The best way to look at these is from the perspective of a family tree. Moving up the genealogic ladder from Archaeopteryx to modern birds, the next early bird is Confuciosornis. This animal was found about six years ago. Now there are nearly a thousand specimens. Unlike Archaeopteryx, it lacks a long tail and has no teeth. Nevertheless, it still has three separate bones in its hand. Some Confuciusornis specimens preserve long tail feathers, like those of a bird of paradise. These feathers may represent the breeding plumage of males.

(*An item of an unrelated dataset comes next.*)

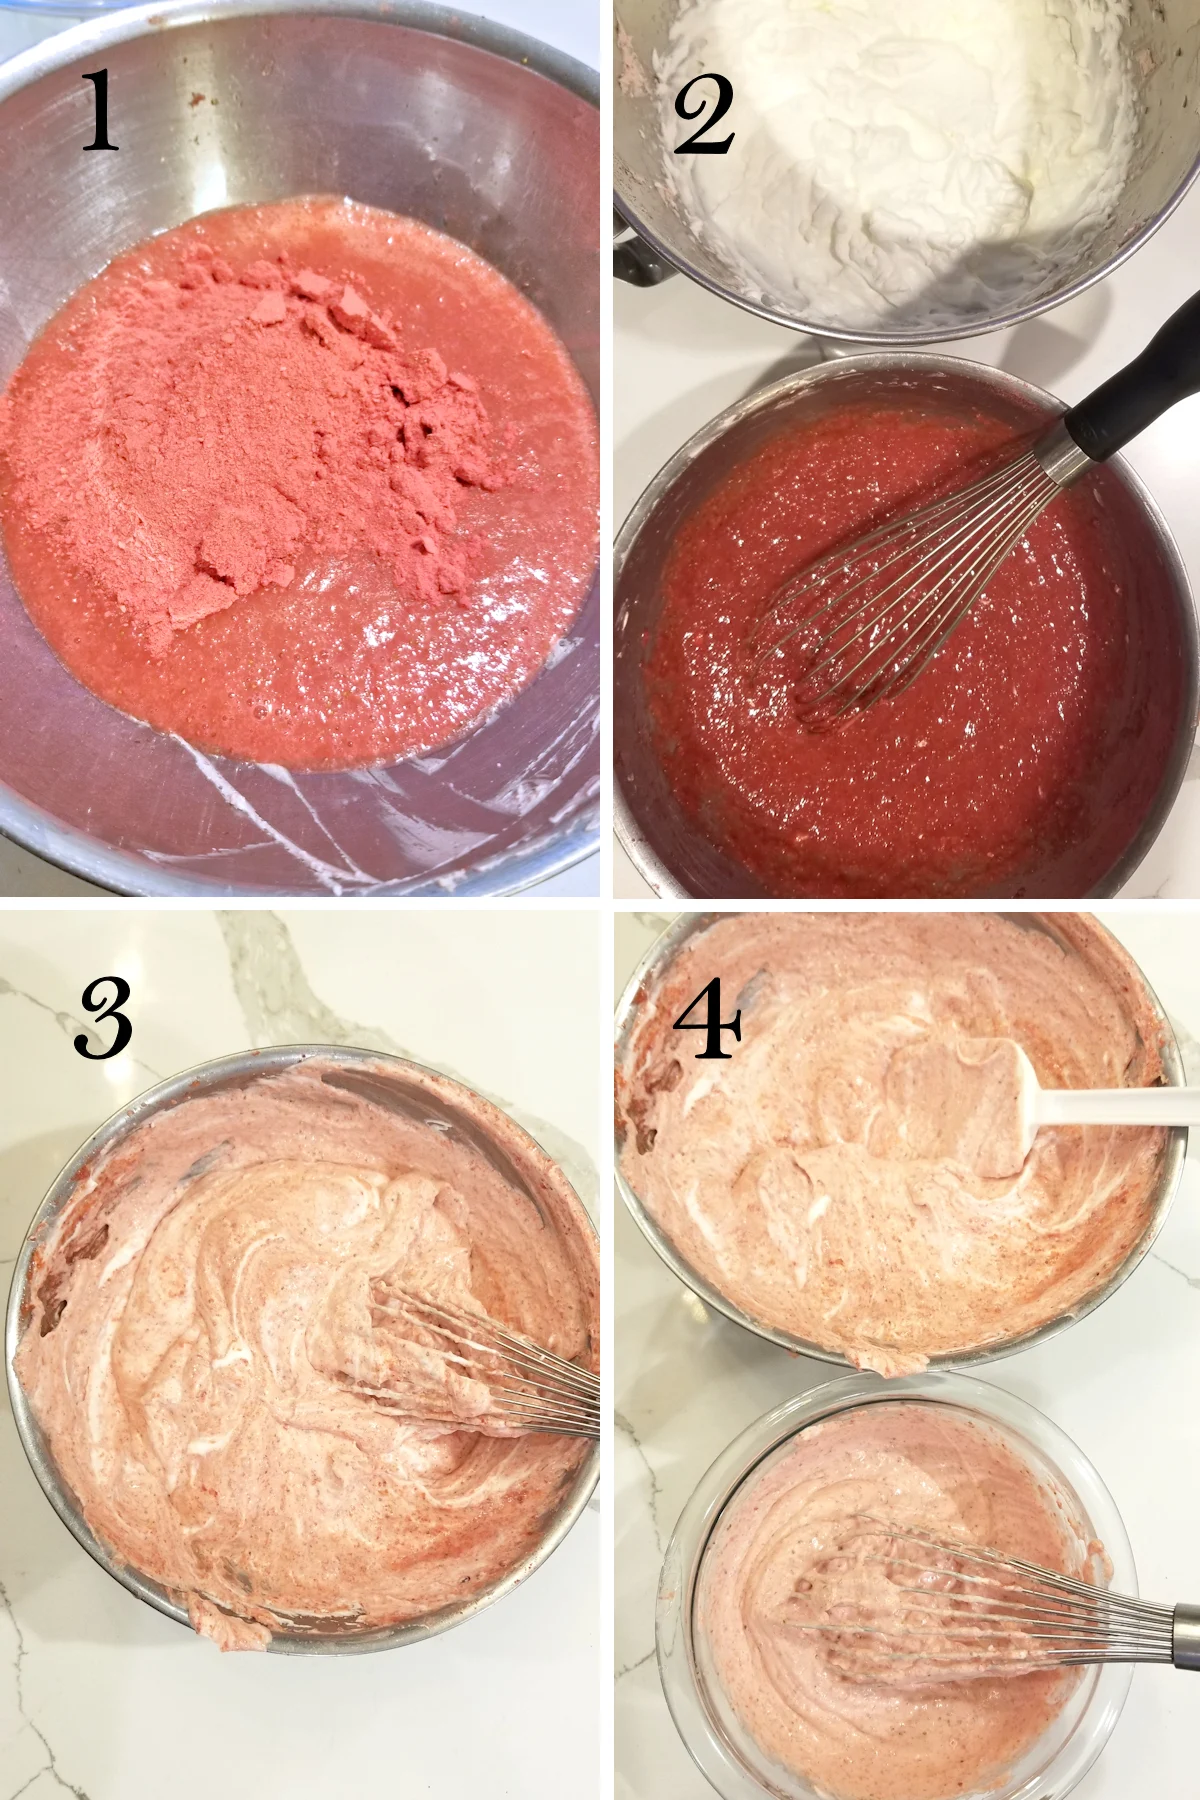 1. Strawberry puree with strawberry powder in a bowl. 2. A bowl of strawberry puree and a bowl of whipped cream. 3. A bowl of strawberry mousse. 4. A bowl of mousse and a bowl of gelatin.

After Confuciusornis there is a line of primitive birds that leads directly to modern birds. Included in this diversity from the Mesozoic era are birds like Hesperornis—a four-foot-tall water bird that lived about 70 million years ago in the seaway that bisected North America. Hesperornis could not fly, and it did have teeth. Another particularly interesting animal is Apsaravis, a small, robin-size flying bird from Mongolia. This little animal was an active flyer that undoubtedly flew above the heads and skittered around the feet of its non-avian dinosaur relatives.
But the dominant group of birds that lived during the Mesozoic was the enantiornithines, otherwise known as “opposite birds.” These animals had an extensive distribution and diversity during the age of dinosaurs. Some of them even had teeth, some were probably good flyers, and others more closely resembled ground birds.
The diversification of the kinds of birds that we see today occurred rather late in bird history. The first representatives of birds that belong to the modern groups are loons, grebes, and similar waterfowl, whose fossils have been found at the end of the Cretaceous, just before the non-avian dinosaurs became extinct.
Archaeopteryx is the most primitive known bird and therefore most primitive known avian dinosaur. The first specimen was discovered in the 1850s, just about the same time that Charles Darwin published On the Origin of Species. This book was one of the most influential ever published in that it laid out the basic principles of evolution by natural selection. Darwin’s book stated that evolution was the great sum of small changes; in this way it predicted that transitional forms would be found between modern species. Archaeopteryx, as was immediately recognized by Thomas Huxley, was just one of these physical links between non-avian dinosaurs and birds. It was a close relative of birds in that it had a wishbone and a reversed first toe on its foot. (This is the toe that allows some birds to perch.) It also had feathers. Some of the feathers were asymmetric, meaning that the front edge of the feather was shorter than the back edge. Such feathers indicate that Archaeopteryx had some capacity for flight. Yet at the same time, it had many characteristics that are more primitive and more like non-avian theropods. For example, Archaeopteryx had a long bony tail similar to dromeosaurs, while in modern birds this tail is shortened and fused into the triangular piece called the pygostyle. Archaeopteryx also had teeth, three separate front fingers, and a breastbone that lacked a keel, like many non-avian theropods (except T. rex and oviraptorids). In modern birds, the teeth are lost, and the three fingers and the crescent-shaped bone in the wrist are all fused into a single bone in the hand.